Location
- Cnr. Bluff Rd & Shipman Pl, Fynnlands, Bluff, Durban, 4052 Fynnlands, Bluff, KwaZulu-Natal South Africa
- Coordinates: 29°54′04″S 31°01′45″E﻿ / ﻿29.901041°S 31.029276°E

Information
- Former name: Hoërskool Dirkie Uys
- Type: Public school
- Motto: Latin: Providete
- Established: 1 January 1956
- School district: Umlazi
- School number: +2731 466 1323
- Ministry of Education Institution no.: 500121656
- Principal: Mrs L. Theron (2018 - 2023)
- Grades: 8 to 12
- Colors: White, navy and blue
- Website: dbnacademy.co.za

= Durban Academy High School =

Durban Academy High School is a bilingual (Afrikaans and English) high school located in Fynnlands, Bluff, Durban.

==History==
At the beginning of 1956 the first Afrikaans school on the Bluff, KwaZulu-Natal opened its doors to the pupils of Bluff and surrounding areas.

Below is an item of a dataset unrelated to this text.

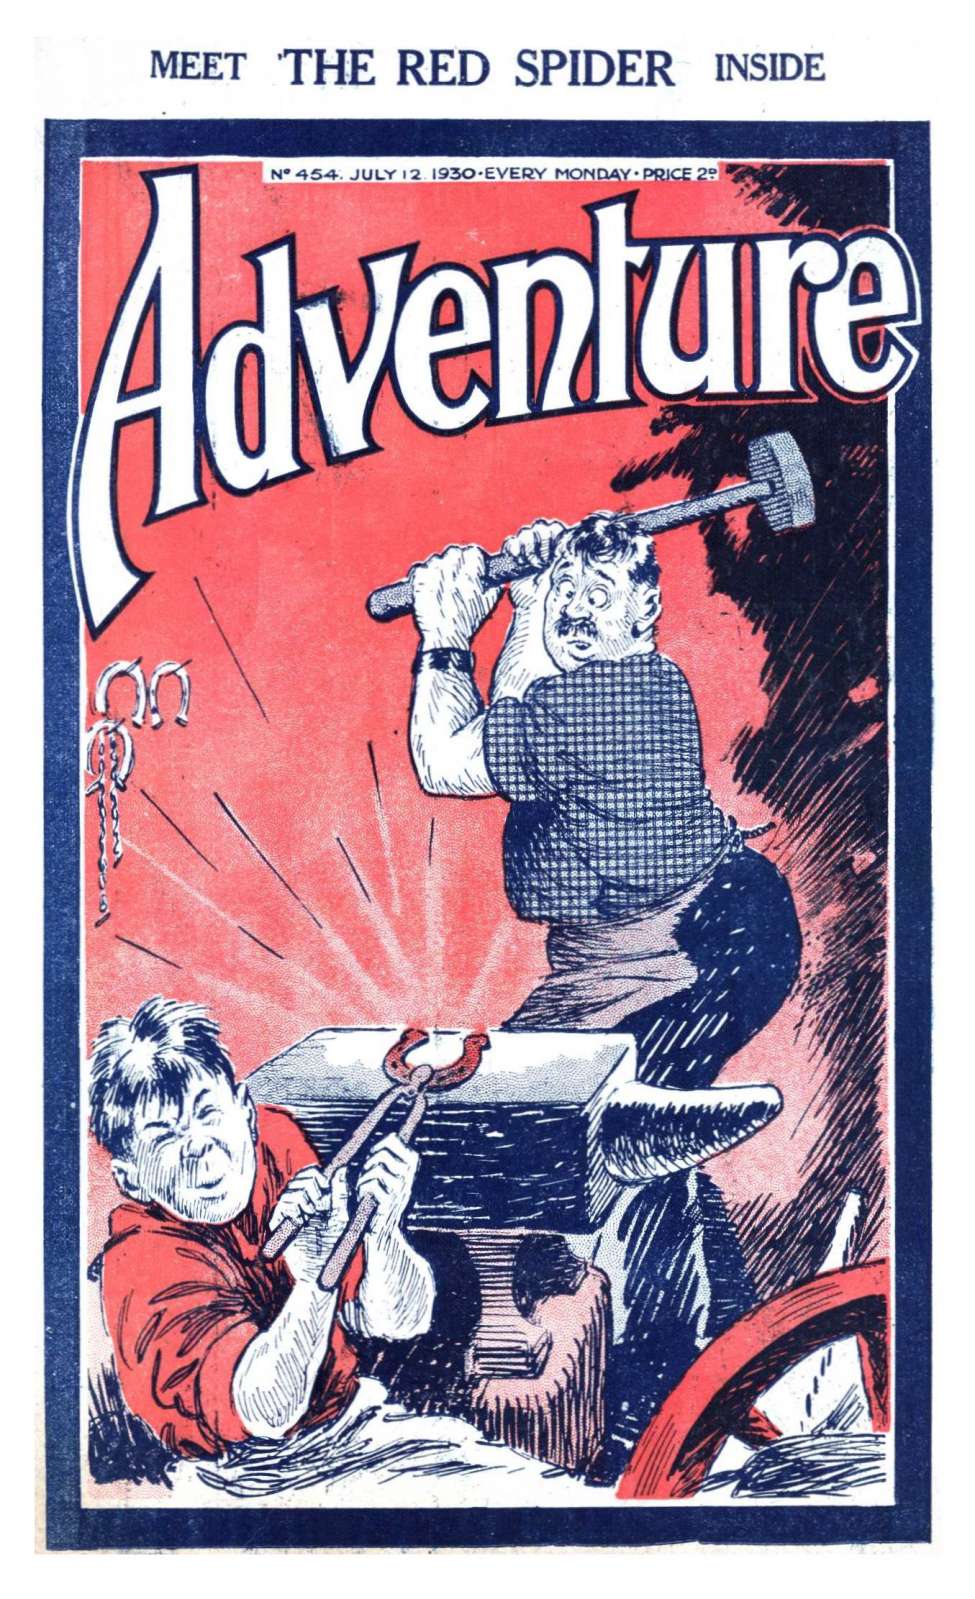 Book Cover For Adventure 454 - The Red Spider

The school was initially named Island View School, in 1957 the school was renamed Hoërskool Dirkie Uys. The school started as a primary school (pupils from Grade 1 to Standard 6, now known as Grade 8), in 1959 it became a high school. Mr P.R.T. Nel was the founding principal. In 1962 the first group of pupils matriculated from Hoërskool Dirkie Uys.

==Dual medium==
Subsequent to South Africa becoming a democracy in 1994, many Afrikaans schools became parallel medium schools (two different language taught at the same school); in 1997 Hoërskool Dirkie Uys became a parallel medium school and the first English speaking pupils were admitted. The school's name changed from Hoërskool Dirkie Uys to Durban Academy High School on 1 April 1997.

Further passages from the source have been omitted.